# Help me finish this chord progression



## Niklaus (Apr 21, 2014)

It goes...
i (Minor 1)
iv (Minor 4)
V (Major 5
The momentum from the iv chord to the V chord is nice but I don't know what chords I should write after that to keep that momentum. Any suggestions would do.
Many thanks,
Niklaus


----------



## Matsps (Jan 13, 2014)

This is not a question anyone here can satisfactory answer. We have no idea what the instrumentation is, the melody, the key, the mood, the tempo, the style... All of this will influence what harmony can be used in the piece. 

I'd say from your example so far that almost any chord could fit. I mean, some really crazy chords might sound outlandish as a suggestion, but if you're writing jazz, might be absolutely fine. On the other hand, if you're composing a baroque piece, that crazy chord will not fit at all.


----------



## david johnson (Jun 25, 2007)

II7 - vi should fool a few ears


----------



## Ravndal (Jun 8, 2012)

1, 4 and 5 is all you need, baby


----------



## esharpe (May 16, 2013)

It is really hard to give you a suggestion without know how you are voicing the chords, id est the voice leading (Can we assyme you are not playing all of the chords in root position and simply moving from one chord to the next in parallel movement) . Move one or two or the notes in your chord by whole or half steps to form the next chord is all I can suggest at this point.


----------



## PetrB (Feb 28, 2012)

i iv v is already so 'closed,' setting up cadential expectations of going back to i, that I'd suggest you simply start again.

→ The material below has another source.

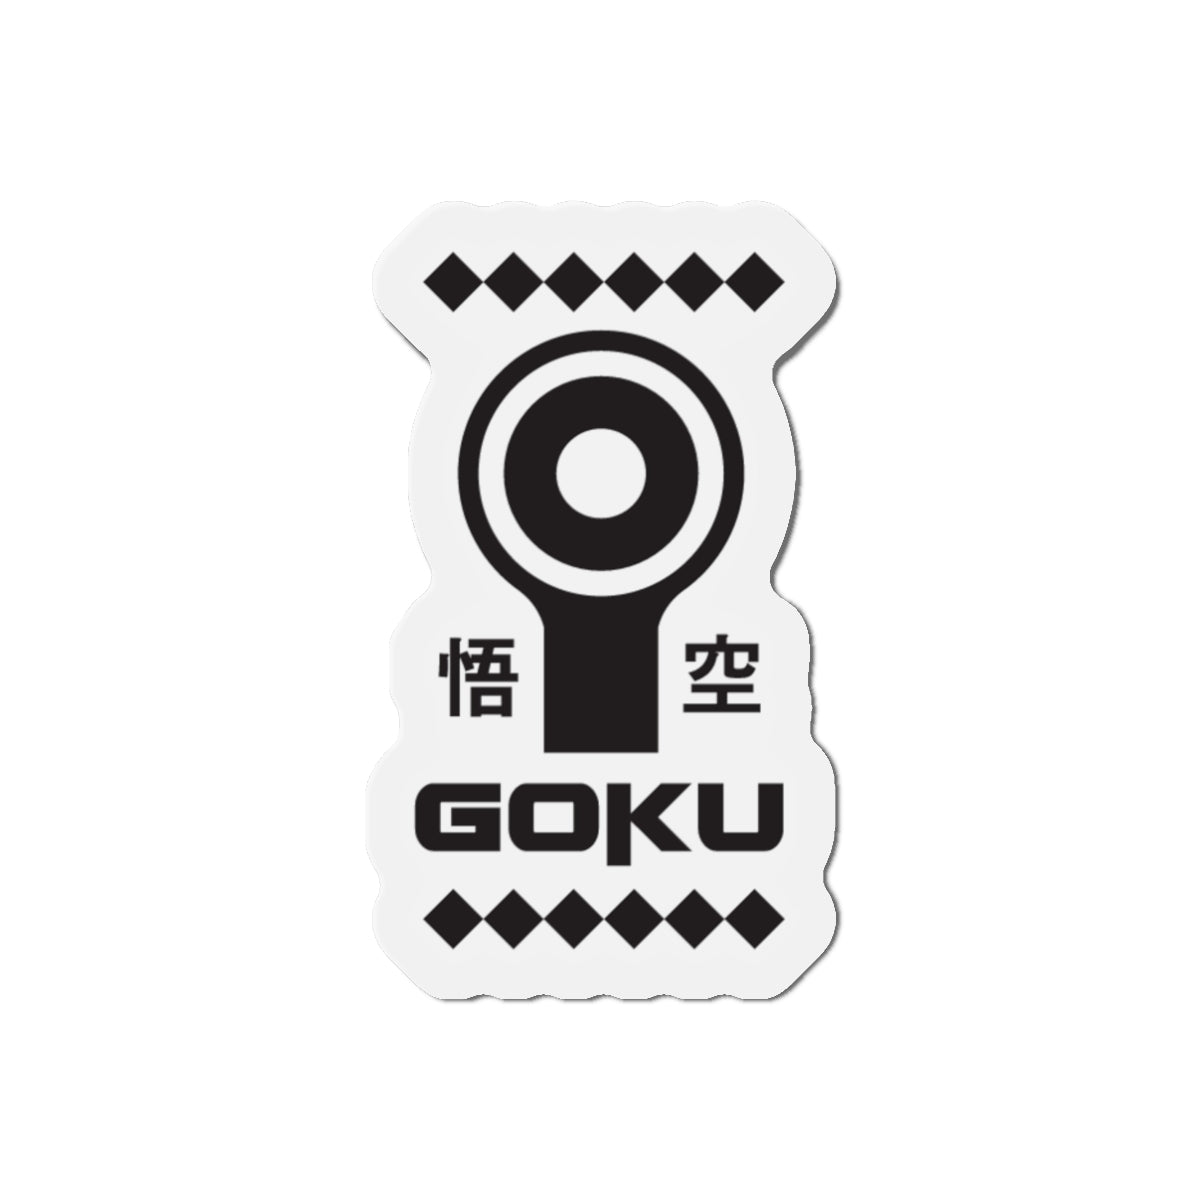 GOKU | Die-Cut Magnets

i iv v has also spun out a tremendous variety of blues, and later pop music, on just about only that -- so to be contrary, there is still a planet or two to mine from that vein alone 

If you want something more extended, as well as being more readily open to going in other directions (regardless if major or minor) you are better off waiting a bit longer between that initial tonic and the dominant or subdominant.

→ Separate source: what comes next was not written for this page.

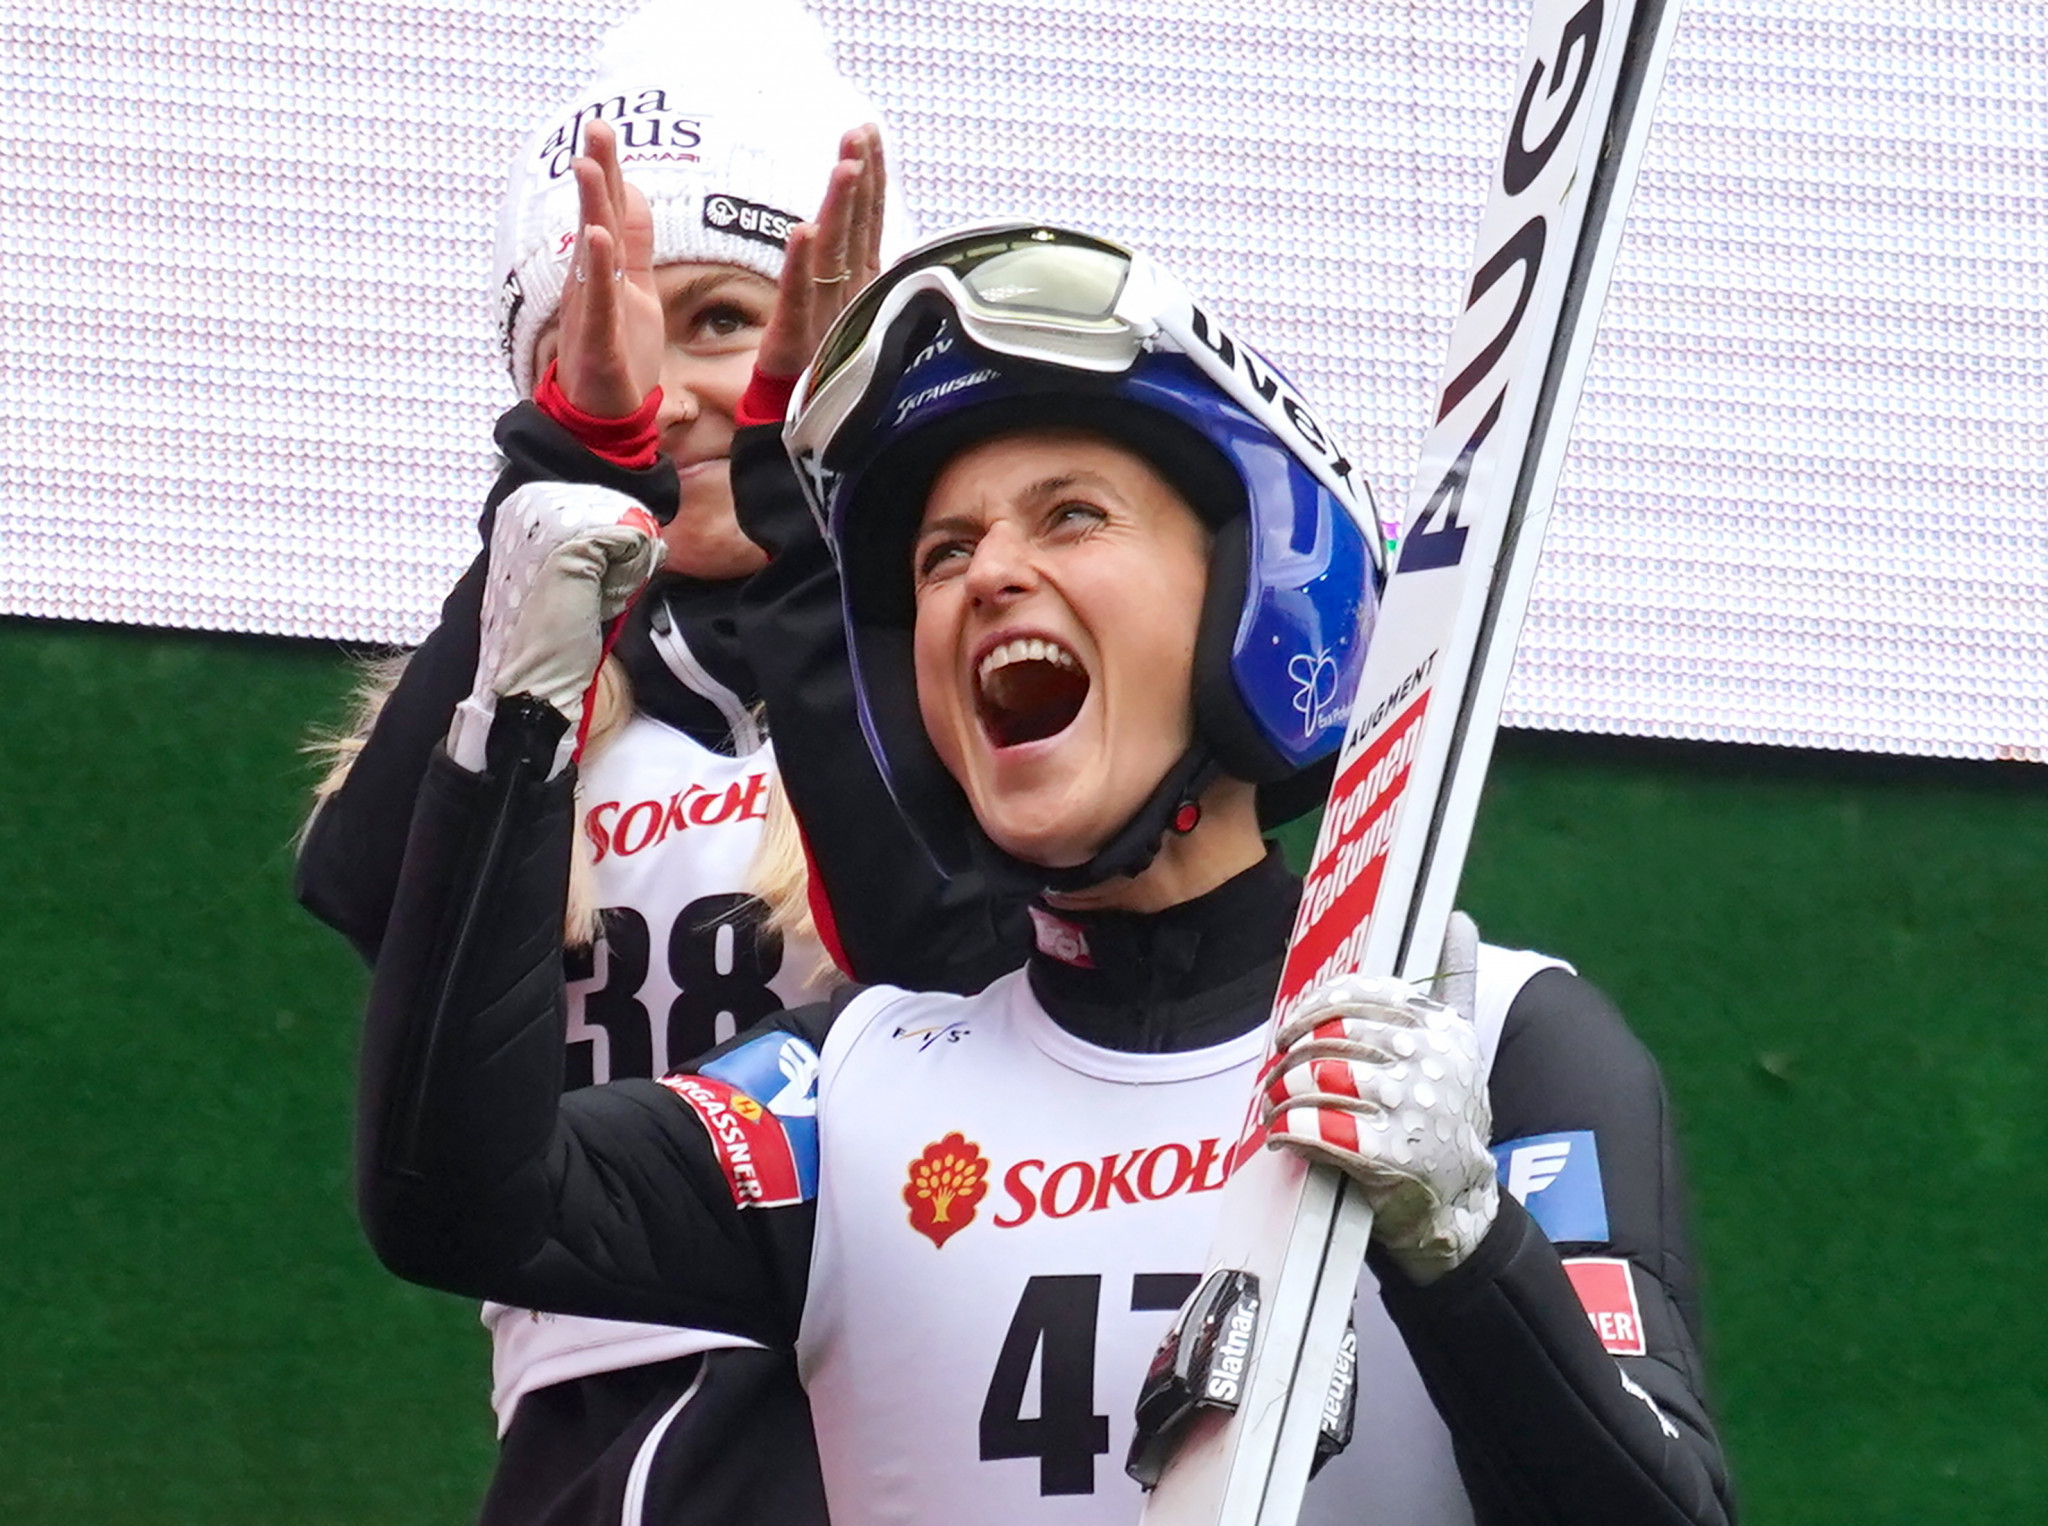 Eva Pinkelnig is the season standings leader ©Getty Images

Use your ears, not your hands on the keyboard: Use your ears, not theory, and then follow where that may lead you. It is the only way to find your way about, really.


----------



## helpmeplslol (Feb 1, 2014)

The most obvious next chord is i. For more "momentum" you want something less obvious. So maybe a deceptive cadence to VI, or a major I or I7.


----------



## BurningDesire (Jul 15, 2012)

the next chord must be a chromatic tone cluster.


----------



## Matsps (Jan 13, 2014)

PetrB said:


> Use your ears, not your hands on the keyboard:


How about using your hands without particular consideration to theory or common hand position? You might just surprise your ears.


----------



## PetrB (Feb 28, 2012)

Matsps said:


> How about using your hands without particular consideration to theory or common hand position? You might just surprise your ears.


"letting go", a slip of a finger, a supposed accident, if you are alert and ready for it, can lead you someplace interesting. But, last I heard, the brain runs everything, and the ears are a little closer to it than the fingers. Fingers just obey brain commands

... and yeah, it can not hurt to methodically go through the various possibilities of all the different inversions, top to bottom, in various combinations, and including all sorts of different spacings....


----------